Roma İmparatorluğu için büyük öneme sahip
Eski ismi ile Ofreneion Kenti ismi ile anılan Erenköy’ün romalılar için büyük bir önem arz ettiğini dile getiren Mehmet Akkan “Ofreneion Kentinin Roma Döneminde özel bir önem kazandığı bilinmektedir. Aeneeas Destanı`nda Roma`nın kendi köklerini Troia`da araması, Roma`nın Troia`nın küllerinden doğduğunu kabullenmesi, Troia ve Ofreneion`u Romalılar için önemli bir konuma getirmiştir. Yani Roma, Troia`nın küllerinden inşa edilmiştir. Aeneas Destanı`na göre, Troia`nın yakılıp yıkılmasından sonra, Troia`dan kaçan Aeneas Roma Kenti`ni kurar. Böylece Roma ile bu bölge arasında, duygusal ve siyasal bir bağ oluşmuştur. Bu bağlamda, Troialı Kahramanlar Romalıların gözünde, özel bir yer edinmişlerdir. Aeneas`ın Troia`dan ayrılışı, Roma tarihinin başlangıcı ve köklerinin dayandığı yerin Troia olduğunu kabullenmişlerdir. Troia Kenti`ne, Roma İmparatoru Avgustus`un da önem verdiği, bu bölgenin inşası için maddi destek sağladığı, Troas Bölgesi`nin vergiden muaf tutulmuştur” dedi.

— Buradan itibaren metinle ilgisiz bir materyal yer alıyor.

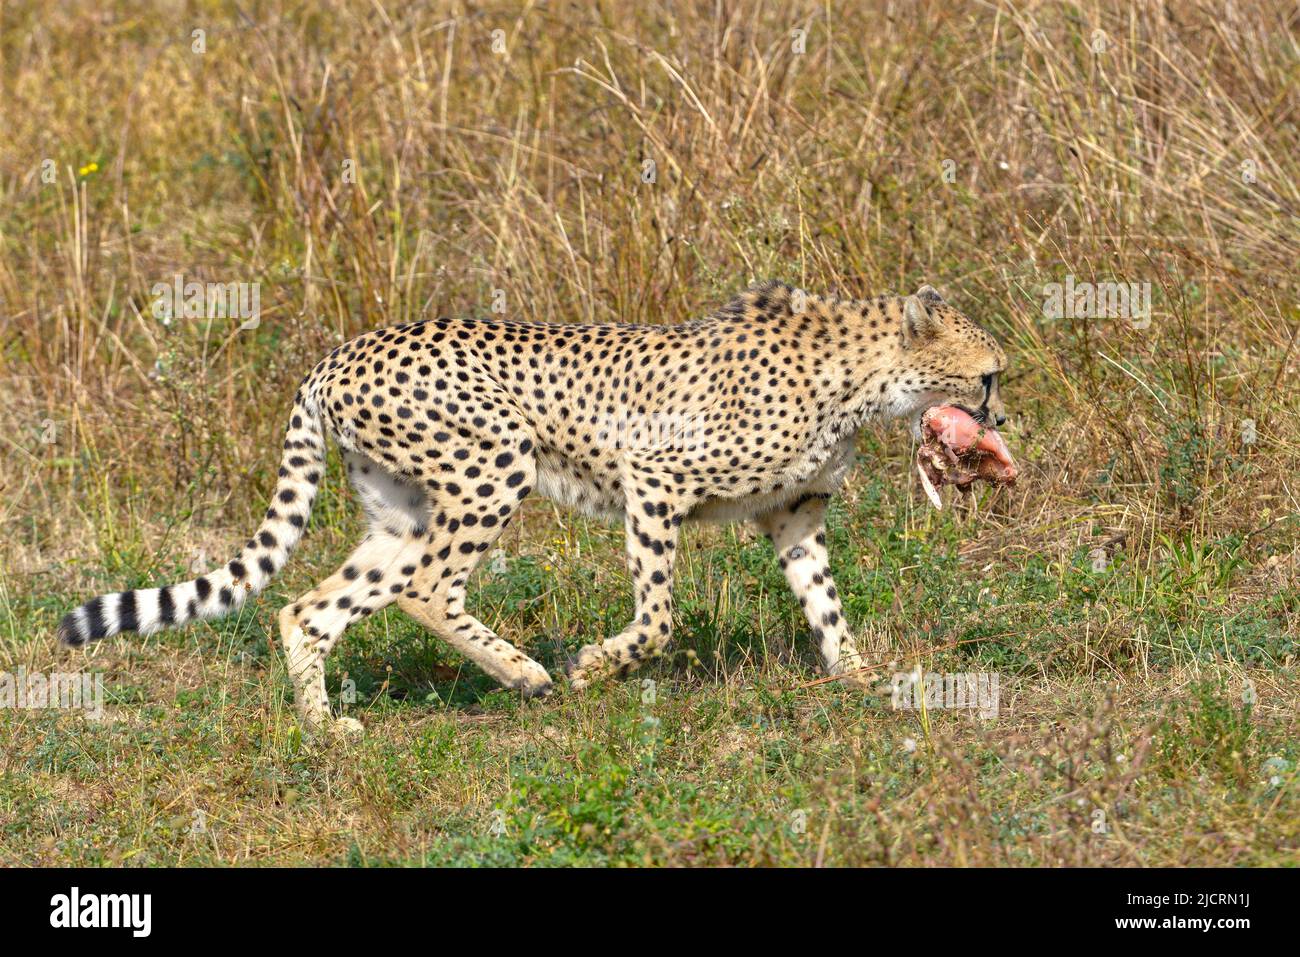 Profil Afrikanischer Gepard (Acinonyx jubatus), der auf Gras läuft und Fleisch im Mund hat Stockfoto

Anadolu’nun İlk Kahramanı Hektor
Bir Anadolu medeniyeti olan Troya Kahramanı Hektor’un Erenköy’de gömülü olduğunu da hatırlatan Akkan, kahramanla ilgili yaptığı açıklamada ise “ Hektor Anadolulu Kahramanıdır, antik dönem adıyla Ofreneion-Erenköy topraklarının bağrında, 3000 yıldır yatmakta ve binlerce yıl daha yatacak. Erenköy, Hektor ve Ofreneion birlikte anılacak. Akhaların Kralı Akhilleus ve Troyalı Hektor`un karakter yapılarına baktığımızda, Akhilleus`u savaşçı, Hektor`u kahraman olarak ortaya çıkarmaktadır. ‘Hektor`un her eylemi Troia`nin kurtuluşuna yöneliktir. Akhilleus ne kadar toplumsal duyguları önemsemezse, Hektor o kadar şehrine, toplumuna, babasına bağlıdır’ Savaş Hektor`un hem yurtsever, hem de uygar olmasını engellemez. Onun yurtseverliği düşmana karşı kin içermez. Onda; insanları birleştiren şeyin onları ayıran şeye baskın olabileceği duygusu çok açıktır. Farklı iki karakterin varlığı, Doğu ile Batının ilk büyük karşılaştırmasından doğmuş gibidir. Akhilleus tiplemesi ile betimlenen batı; askeri, sert, acımasız, kindar, hırçın, kaba, erkek söylemli. Hektor tiplemesi ile betimlenen Anadolu; aile içi yumuşak, ilişkileri ve sevgiyi birinci derecede önemli bulan, kadınla erkeğin eşit tutulduğu, etiğe ve bilgeliğe önem veren, barıştan yana olan kavramlarla sonuçlandırmıştır. Azra Erhat, onu Anadolu`nun ilk ulusal kahramanı olarak kabul eder. Nitekim Antik Çağ ve Roma dönemi sikkelerinde bir kahraman olarak Hektor tasvirleri yer alır. Konusunu destandaki anlatımlardan alan bu tasvirler, genellikle vazo resimlerinin üzerinde günümüze kadar gelmiştir.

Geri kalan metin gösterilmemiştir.